Recently, I met this problem.

Given a string S. Count the number of substring of S which is a palindrome. A substring is a contiguous sequence of characters within a string(a character is still considered as a substring). A palindrome is a string which is the same when reading forward and backward.

Here I share two solutions to this problem.
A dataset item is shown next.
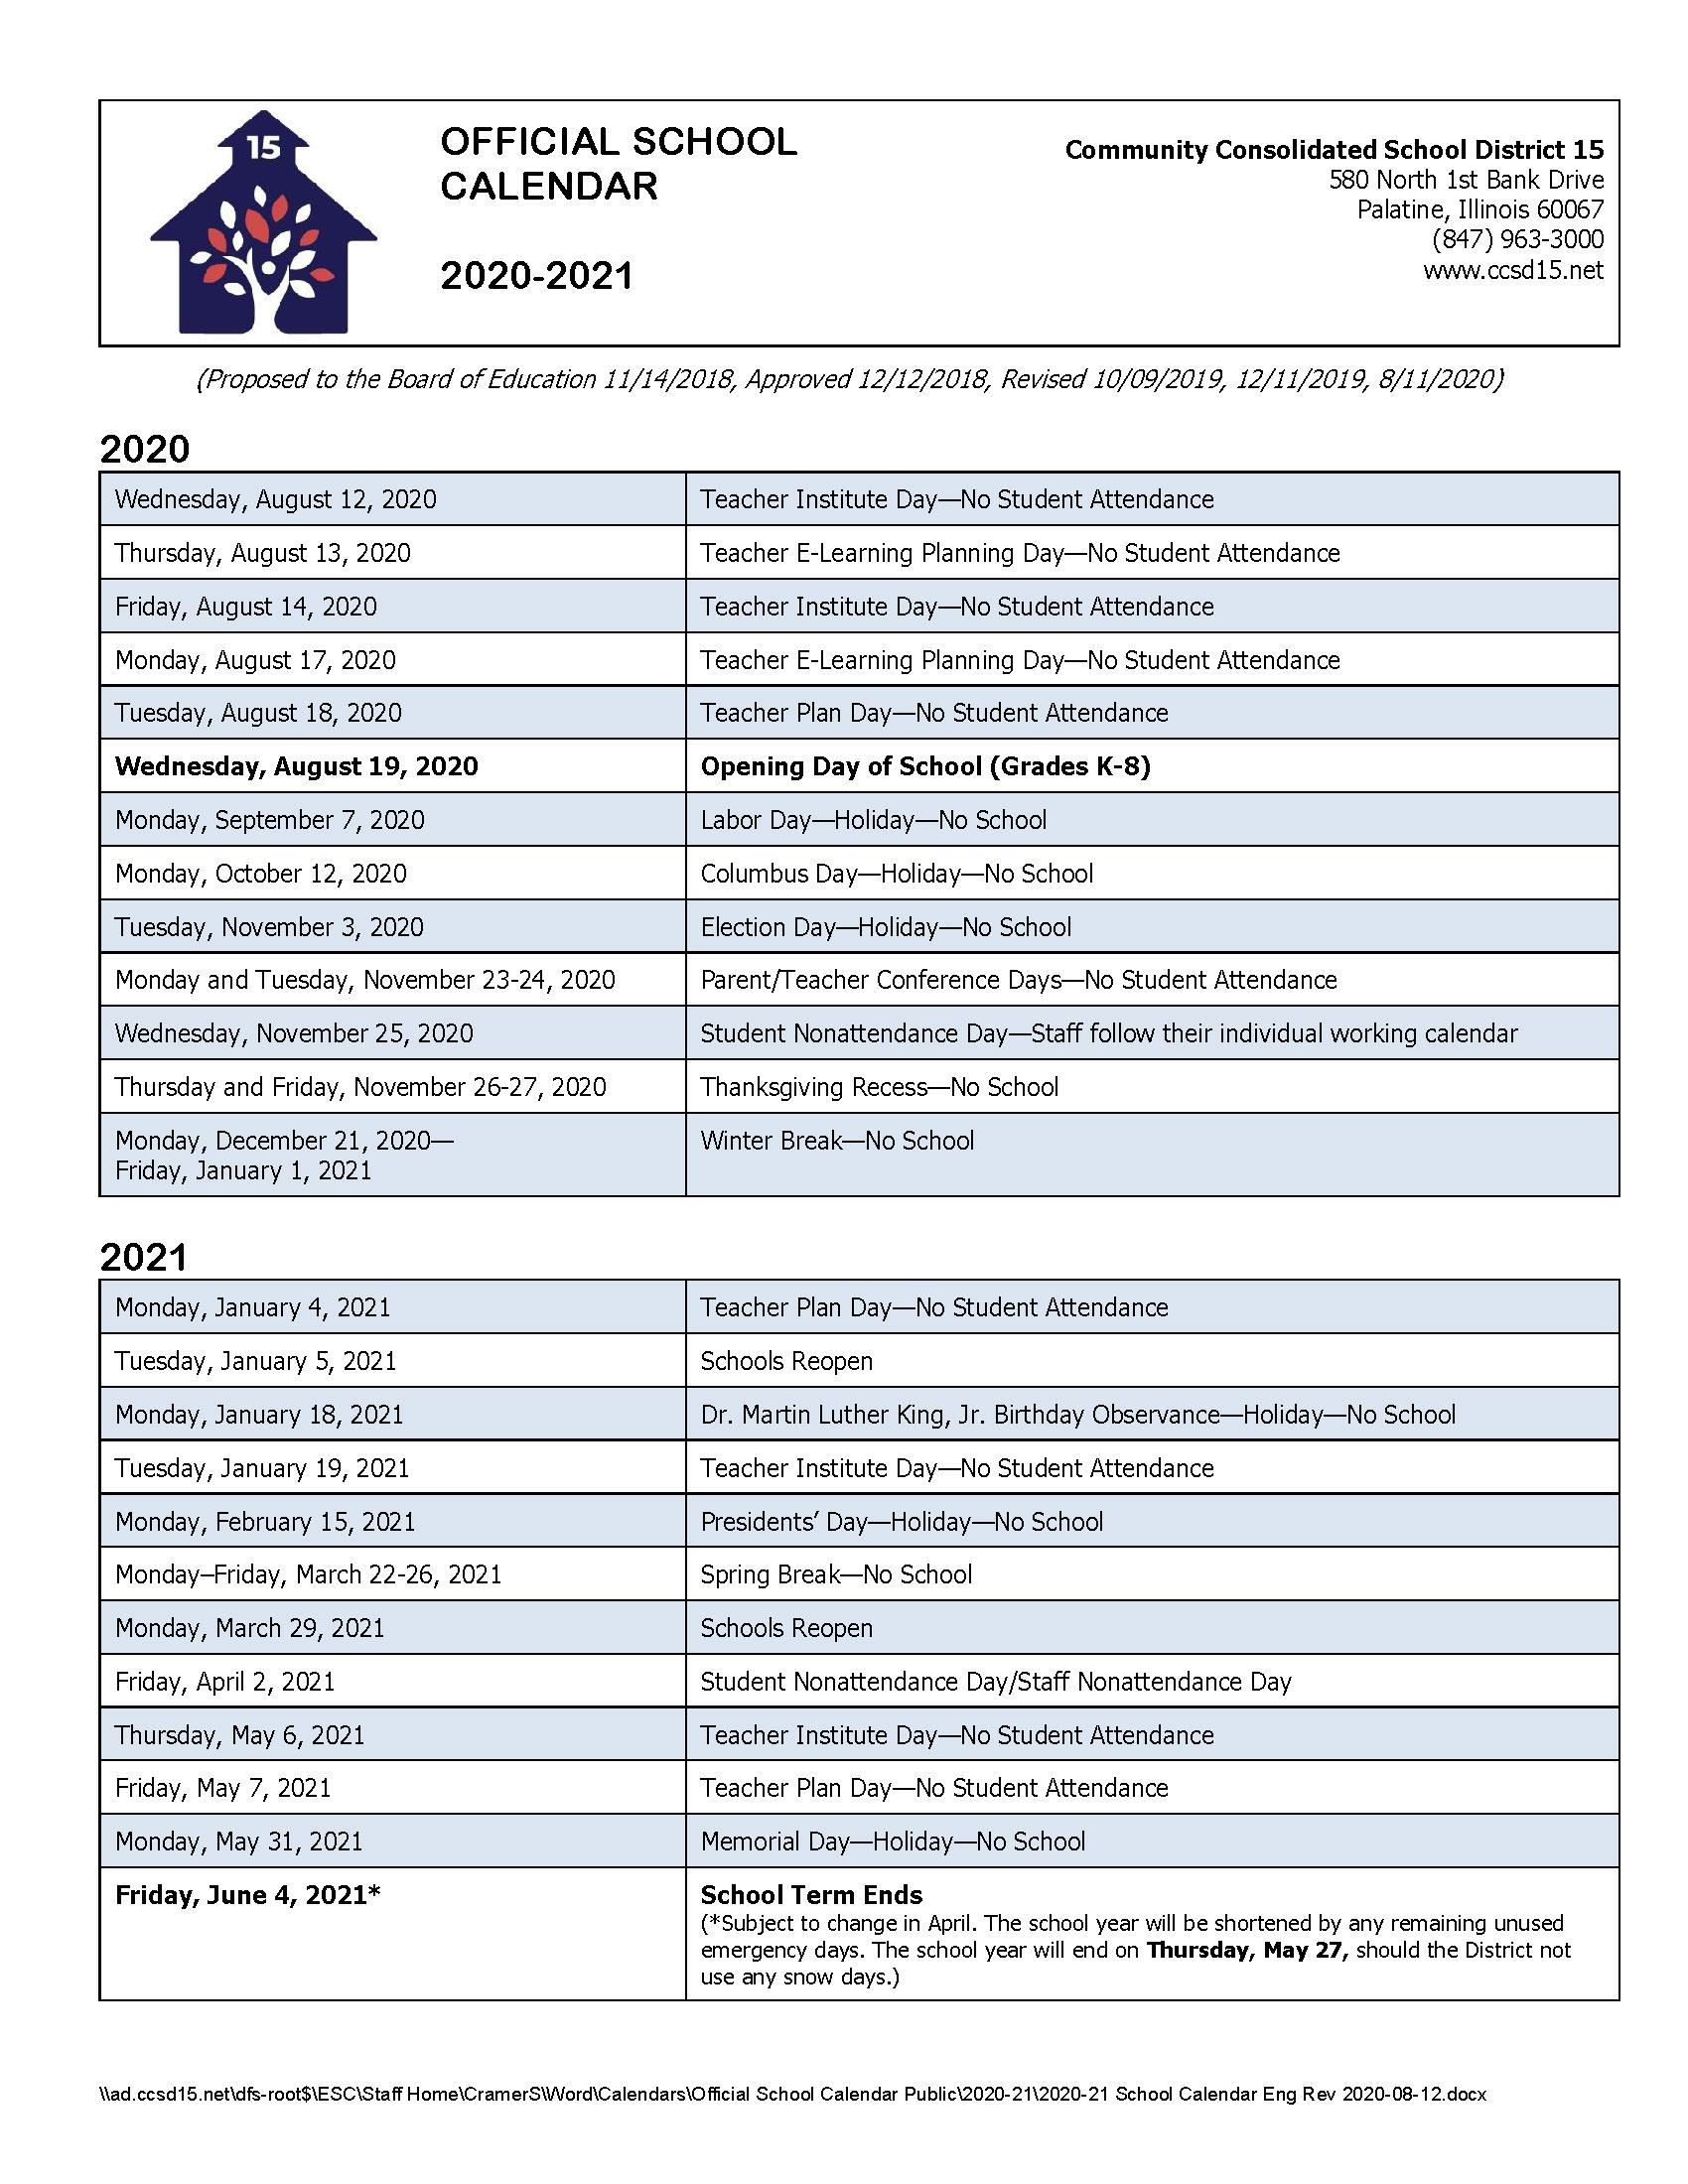 Ccsd Academic Calendar 2021-22 Calendars / 2020 21 Official School Calendar

You can submit your solution here

Dynamic Programming solution O(N ^ 2)

We define dp[i][j] = 0 if the substring s[i..j] is a palindrome and 1 otherwise.

We will fill in this table.

First, every character is a palindrome.

Second, every string of 2 have the same character is a palindrome.

Finnaly, if s[i..j] is a palindrome iif s[i] == s[j] and s[i + 1..j - 1] is a palindrome.

The answer is the number of 1 in the dp.

def countPalindromicSubstrings(self, s):
        n = len(s)
        
        dp = [[0 for i in range(n)] for j in range(n)]
        
        for i in range(n):
            dp[i][i] = 1
        answer = n # we have n palindromes already
        for col in range(1, len(s)):
            for row in range(col):
                if row == col - 1 and s[col] == s[row]: 
                    dp[row][col] = 1
                    answer += 1
                elif dp[row + 1][col - 1] == 1 and s[col] == s[row]:
                    dp[row][col] = 1
                    answer += 1
        
        return answer

Here, we use an 2d array and 2 loop to fill in this table so the time and space complexity of this approach are both O(N ^ 2).

O(1) space solution

In coding interview, the interviewer will probably ask you to improve the perfomance up to using O(1) space (i.e: create no extra space). Iterate over the array and treat each element as a center of a palindromic substring then try to expand to the left and to the right of this center. Every time s[left] == s[right] we increase the answer by one and break when we see s[left] != s[right]. A while loop will help us to do this.

def countPalindromicSubstrings(self, s):
        n = len(s)
        answer = 0
        for mid in range(n):
            left = right = mid # count for odd substrings
            while left >= 0 and right < n and s[left] == s[right]:
                left -= 1
                right += 1
                answer += 1
            left = mid
            right = mid + 1 # count for even substrings
            while left >= 0 and right < n and s[left] == s[right]:
                left -= 1
                right += 1
                answer += 1
        return answer

Here, the time complexity is still O(N ^ 2). But we only need to use an extra variable answer to store the answer. Hence, the space complexity is O(1).